MacsHeadroom · 2024-01-17T21:15:29 1705526129

The speed data is an average over 30 days.

Clearly OpenAI is throttling their API to save costs and get more out of fewer GPUs.

jdthedisciple · 2024-01-17T06:29:34 1705472974

Really neat!

And I did not realize how much Gemini Pro lags behind GPT4 in terms of quality, wow!

_micah_h · 2024-01-18T02:15:41 1705544141

Gemini Ultra is the model they claim will match GPT-4, not out yet!

avereveard · 2024-01-16T23:20:46 1705447246

I wish there was claude instant in there is a damn fine model often overlooked

coder543 · 2024-01-17T15:28:01 1705505281

What do you like about it? Compared to GPT-3.5, Claude Instant seems to be the same or worse in quality according to both human and automated benchmarks, but also more expensive. It seems undifferentiated. And I would rather use Mixtral than either of those in most cases, since Mixtral often outperforms GPT-3.5 and can be run on my own hardware.

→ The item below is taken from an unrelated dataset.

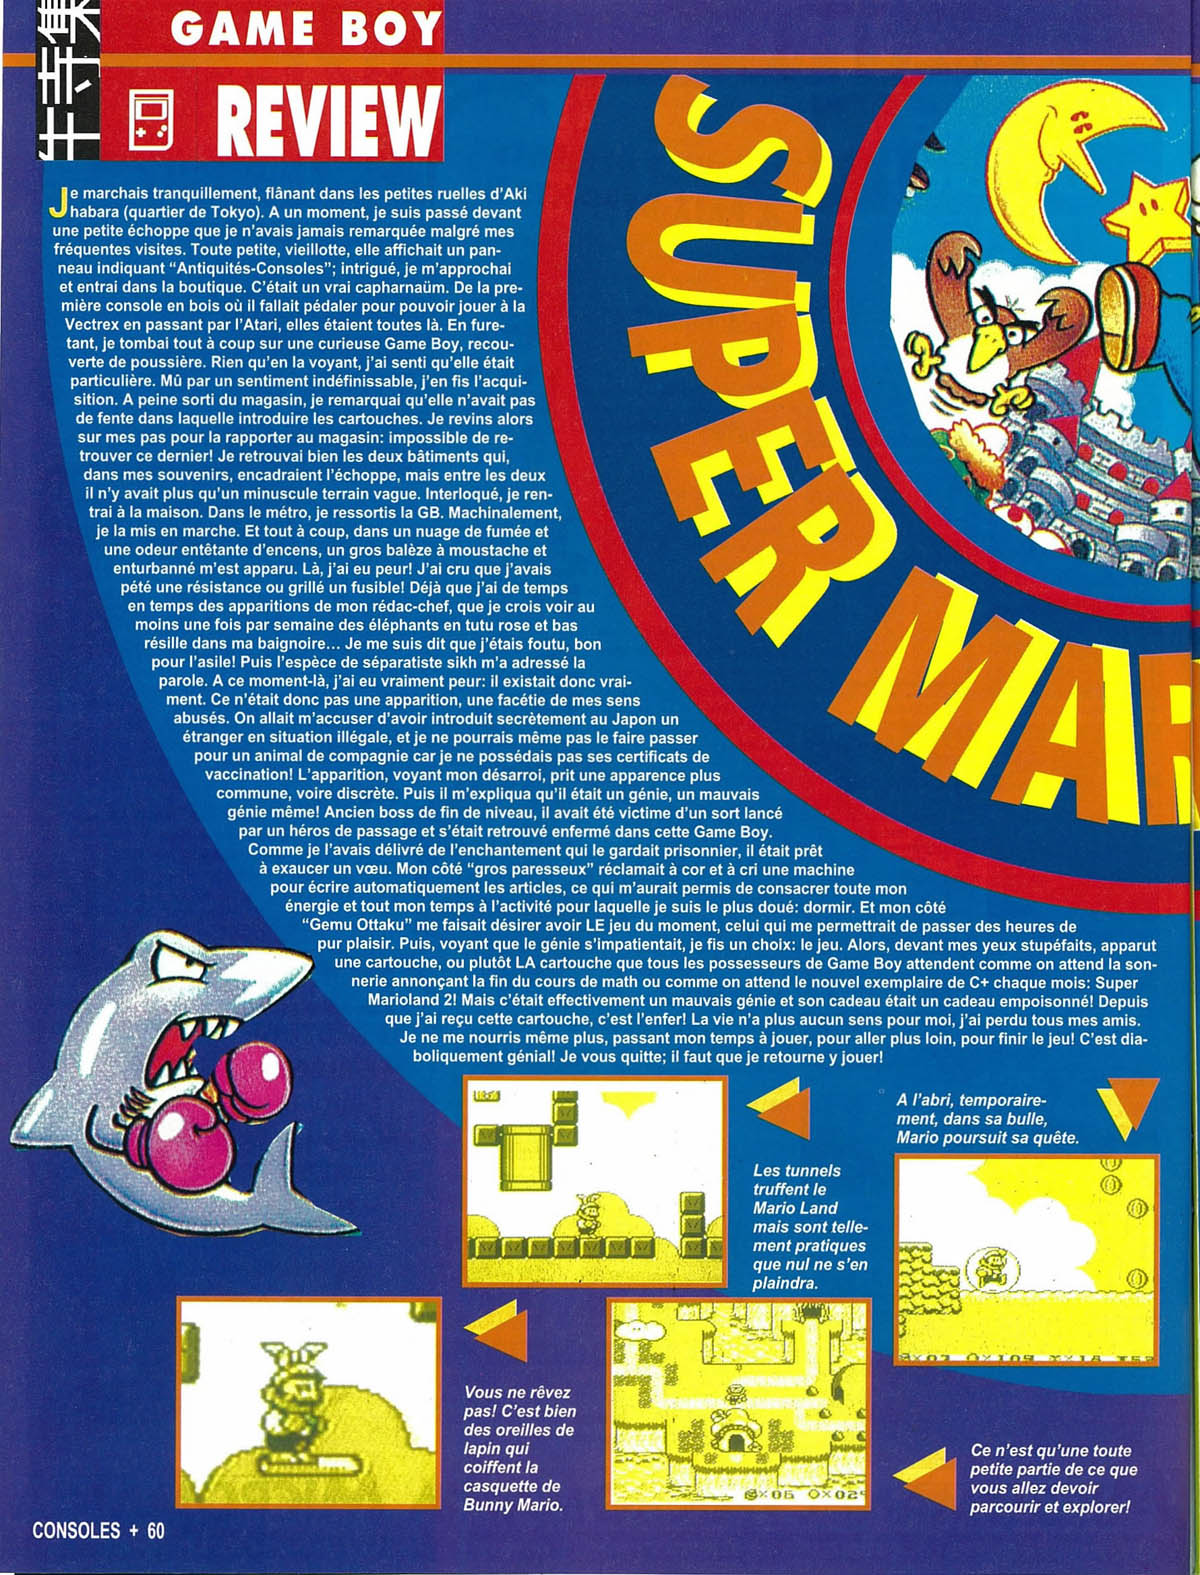 tests//957/Consoles + 014 Page 060 (novembre 1992).jpg

avereveard · 2024-01-19T11:38:14 1705664294

Data extraction mostly. Supports long document, cheaper input tokens than gpt3 turbo, and when I ask to stick to document informations it doesn't try to fill in gaps out with his trained knowledge.

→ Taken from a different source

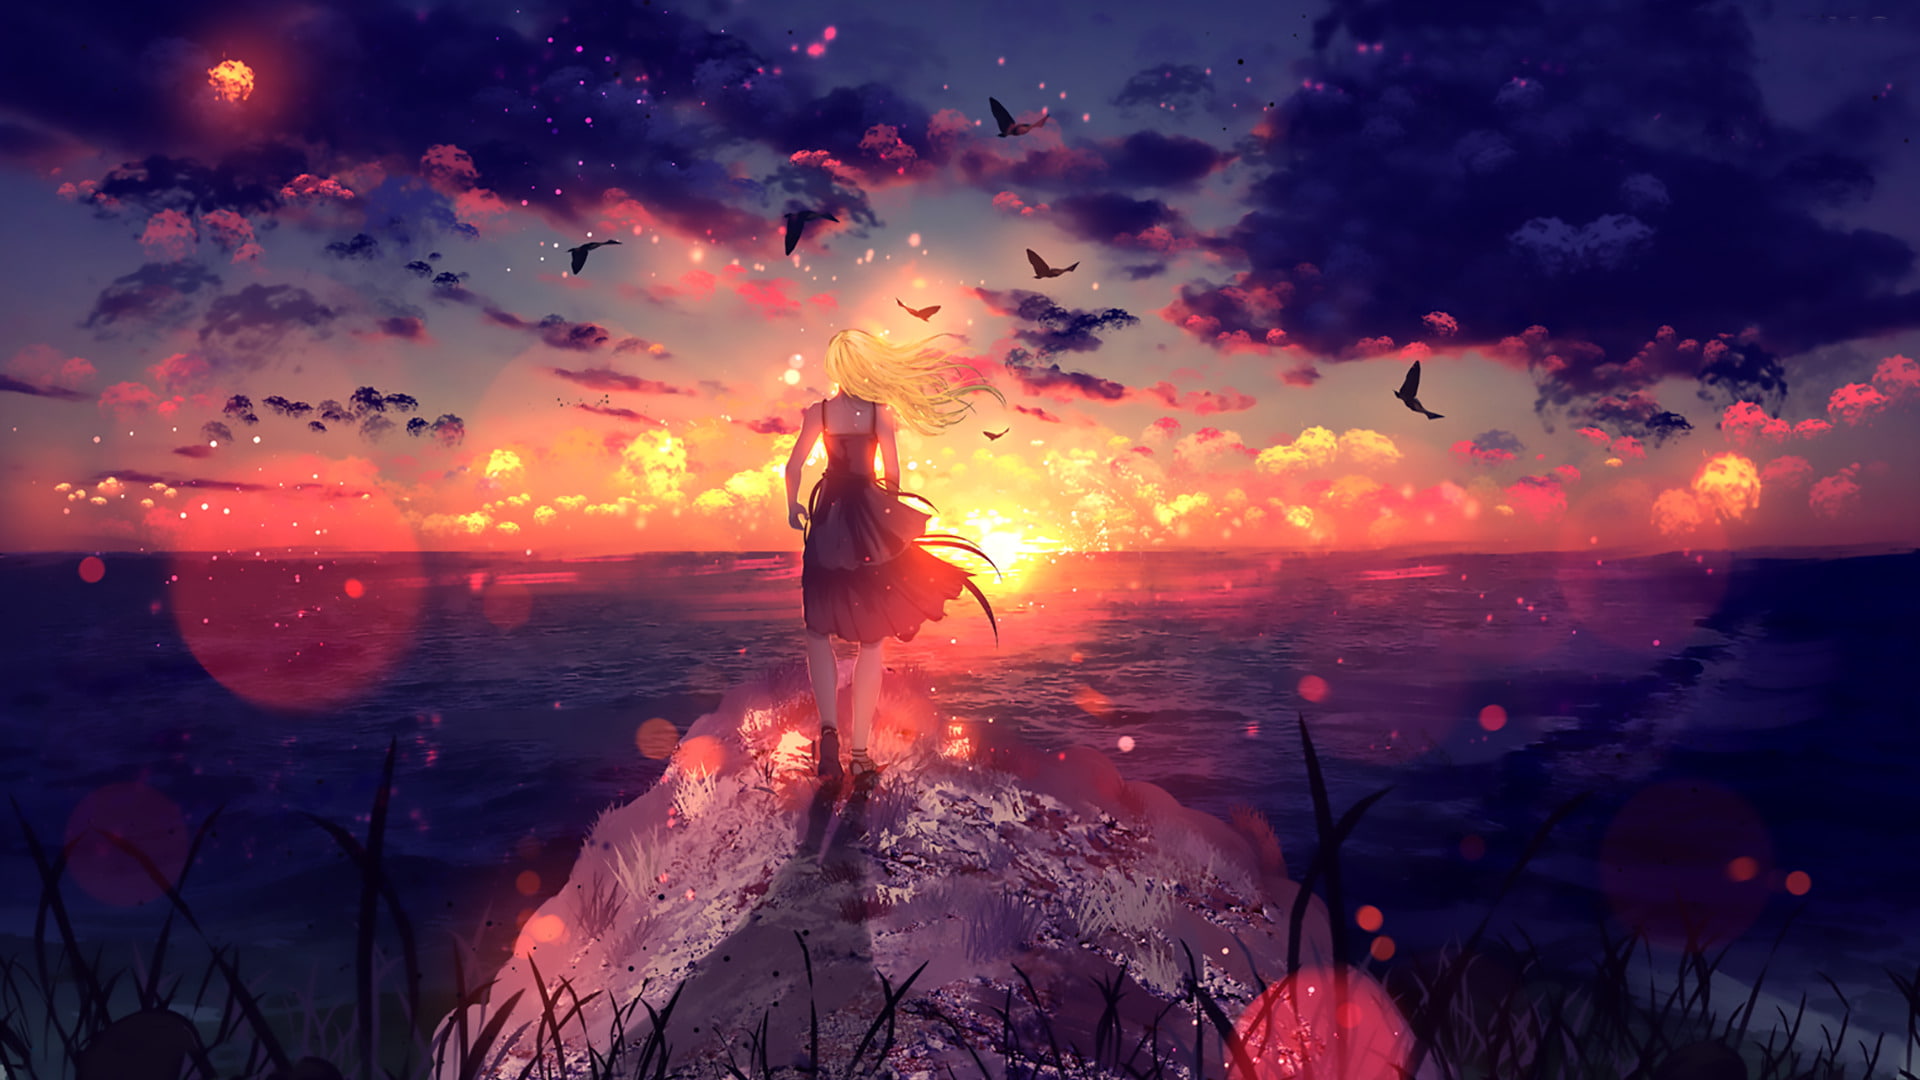 Anime, Original, Bird, Blonde, Cloud, Girl, Sky, Sunset, one person

Sure you can't have a chat with it or expect it to do high level reasoning, but has enough to do the basic deductions for grounded answers.

Gcam · 2024-01-16T23:25:49 1705447549

We have Claude Instant on the models page: https://artificialanalysis.ai/models Can add it via the select at the top right of each card where it says '9 Selected' (below the highlight charts)

avereveard · 2024-01-17T01:46:33 1705455993

Ah cool was on mobile didn't eee the select

Gcam · 2024-01-17T03:22:31 1705461751

Definitely agree with your point on Claude Instant though. Much less than half the price, much higher throughput/speed for a relatively small quality decrease (varied by how 'quality' is measured, use-case)

rubymamis · 2024-01-16T19:17:18 1705432638

I wish there were more details about how you measure "quality".

pseudosavant · 2024-01-16T20:15:08 1705436108

See this comment: https://news.ycombinator.com/item?id=39014985#39017792

jafitc · 2024-01-16T23:16:38 1705446998

Deepinfra Mixtral is $0.27 / M tokens as per their website

_micah_h · 2024-01-17T02:28:08 1705458488

Hey, yep looks like they updated their pricing - we've now updated it on the site!